Взгляд его был холоден и полон мрачной решимости, которая пугала, наверное, сильнее инструмента в его руках, ибо не было там и проблеска сомнений.

— Нет! — закричал Генри, снова пытаясь вырваться, но тщетно. — Прошу, не надо! Не делай этого!

Ведь это действительно навсегда, а он только начинал жить, и перспектива стать беспомощным инвалидом на долгие годы совсем не прельщала. Кроме того, он представлял, какая это боль и был уверен, что просто не выдержит. Психопат, видимо тоже, потому что, успокоив тем, что у него в этом деле большой опыт, он приподнял, жертву, насколько это было возможно в таком положении, и сделал инъекцию, вколов обезболивающее в шею, и Генри чувствовал, как игла проходит меж позвонков. Больно не было, но ощущения, когда оно начало действовать, были пренеприятнейшие – позвоночник будто распирало изнутри.
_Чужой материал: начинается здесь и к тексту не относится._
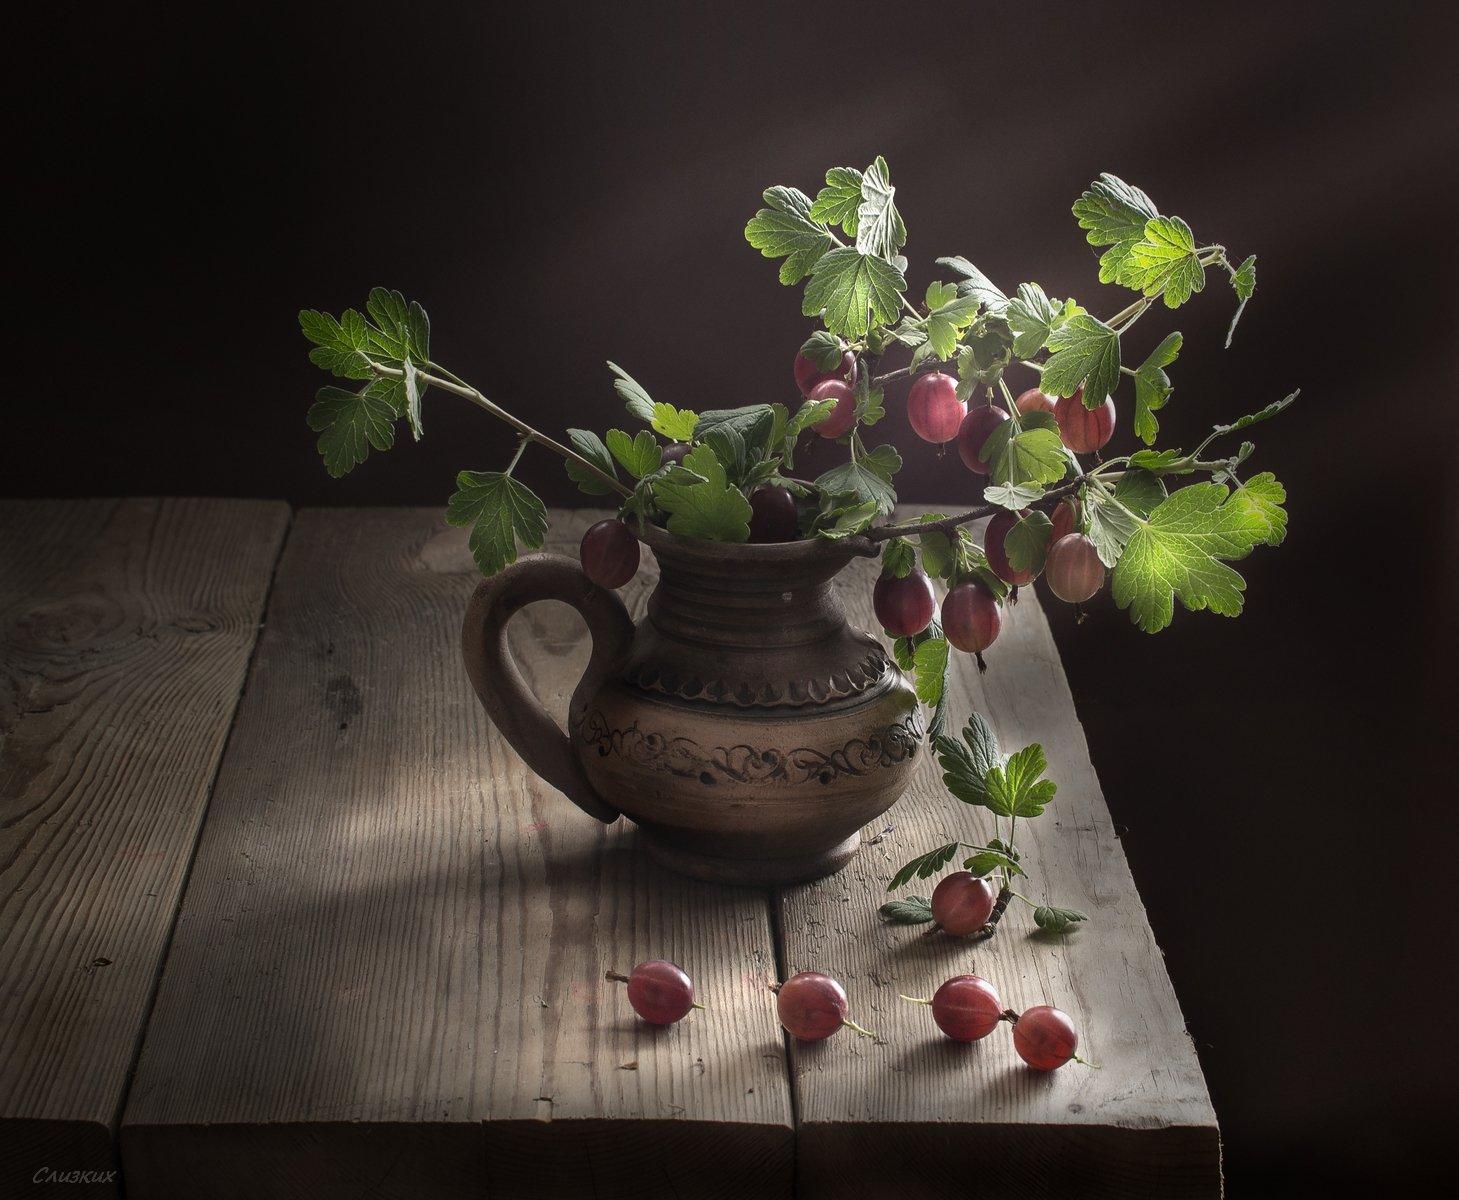 натюрморт,ягода,крыжовник,молочник,лето,вкус,свет, Инаида

Онемение заняло десять минут. Десять минут, в которые он кричал, бился в путах, чувствуя, как все хуже слушается тело, просил, обещал, угрожал, умолял, сходя с ума от ужаса и надвигающейся неотвратимости. Остин же, оставаясь глух к чужим словам, бесстрастно и методично подготавливал верхние конечности жертвы к ампутации: обработав каким-то раствором, наложив жгут и сделав еще какой-то укол.
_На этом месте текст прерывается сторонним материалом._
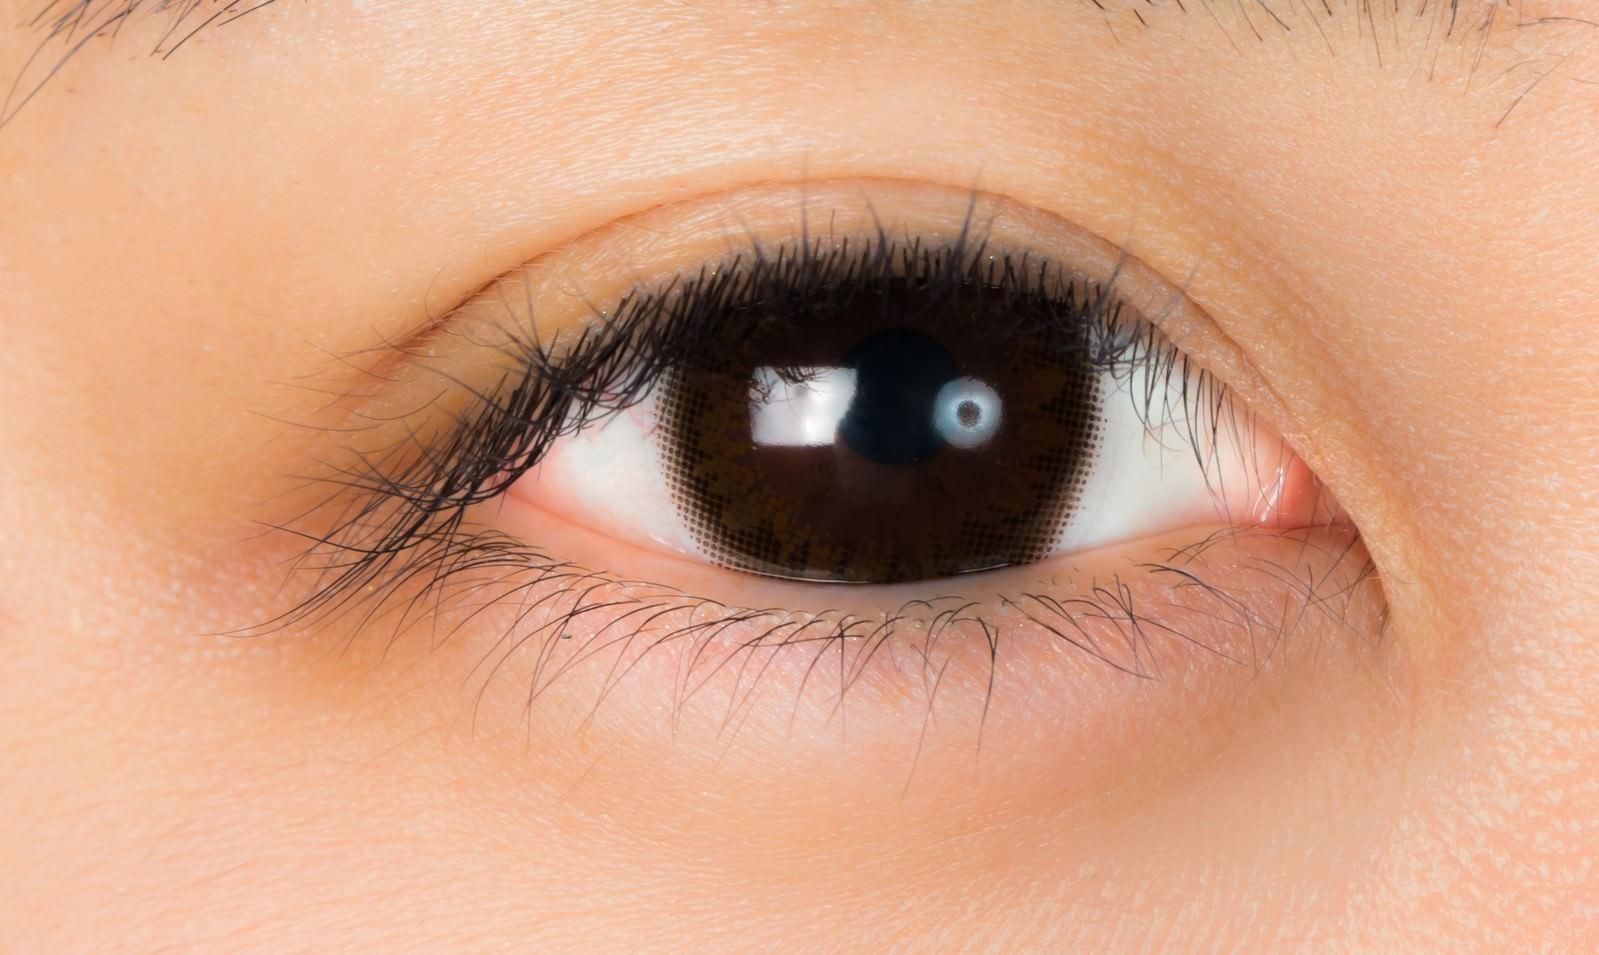 「カラコンを入れた目カラコンを入れた目」[モデル:河村友歌]のフリー写真素材を拡大

Он утверждал, что так будет лучше. Кому, мать его, лучше? Чем?

— Остин, ну, не надо! — взмолился Генри, когда тот склонился над ним со скальпелем.
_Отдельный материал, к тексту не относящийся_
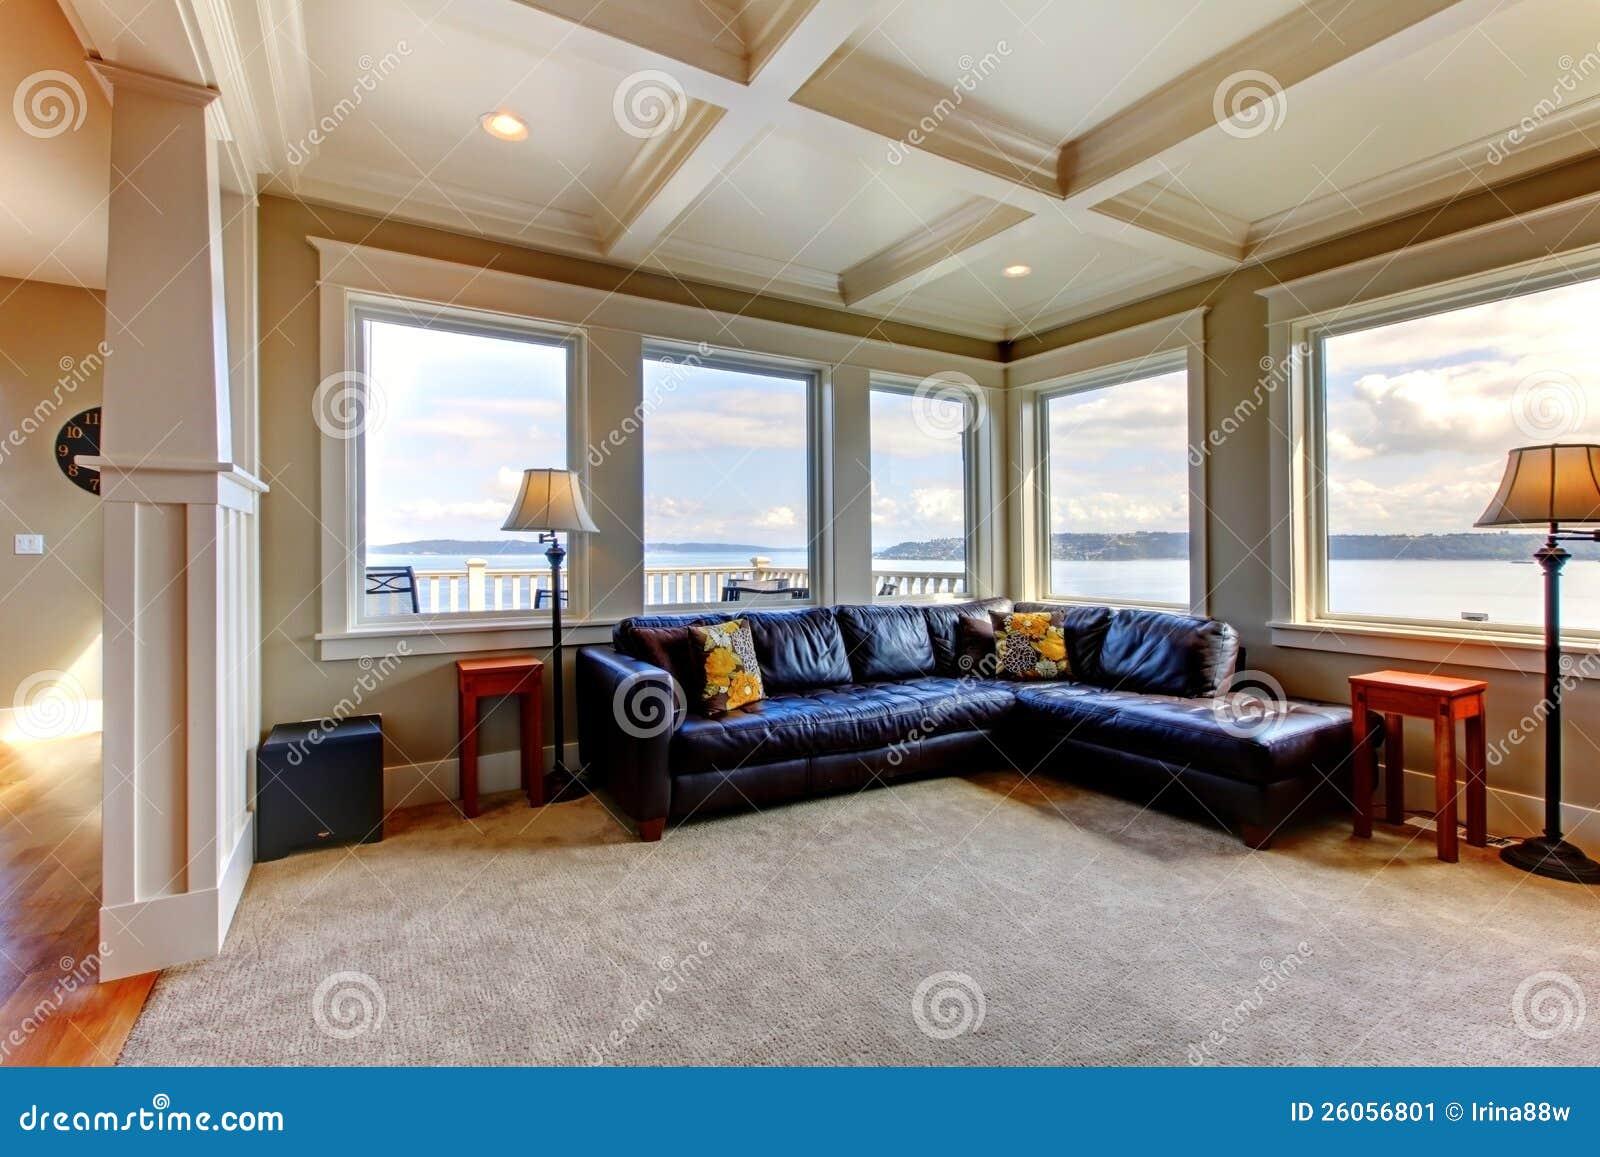 Wohnzimmer Couch Vorm Fenster Luxuxhauptwohnzimmer Mit Vielen Fenstern Und Blauen Sofa

А в следующий миг зажмурился, что было сил, лишь смутно почувствовав, как горячие капли обильно оросили лицо, утонув в диком ужасе. Несколько раз он отключался, не в силах принять то, что видел собственными глазами, наблюдая точно со стороны. Хотя, наверное, лучше чувствовал бы, потому что раздвоение это пугало еще сильнее, точно он сошел с ума, а может, душа его покинула тело, не выдержав омерзительного, кошмарного зрелища. Однако холодный и сосредоточенный голос Остина, охотно поясняющий его действия, неизменно возвращал к дикой реальности, где Генри ампутировали руки. И он мог отмечать переходы от одного этапа к другому. Сперва круговым разрезом Остин пересек кожу, затем по ее краю рассек все мышцы до кости, потом последовало усечение нервных стволов… Когда Остин взял в руки пилу, Генри вновь зажмурился, услышав, как пилят его собственную кость, и звук этот впился в мозг. Лишь раз он имел глупость открыть глаза, чтобы увидеть, как только что отпиленная конечность осталась одиноко лежать на перепачканном кровью столе, и снова отчаянно зажмуриться, закричав от отчаяния.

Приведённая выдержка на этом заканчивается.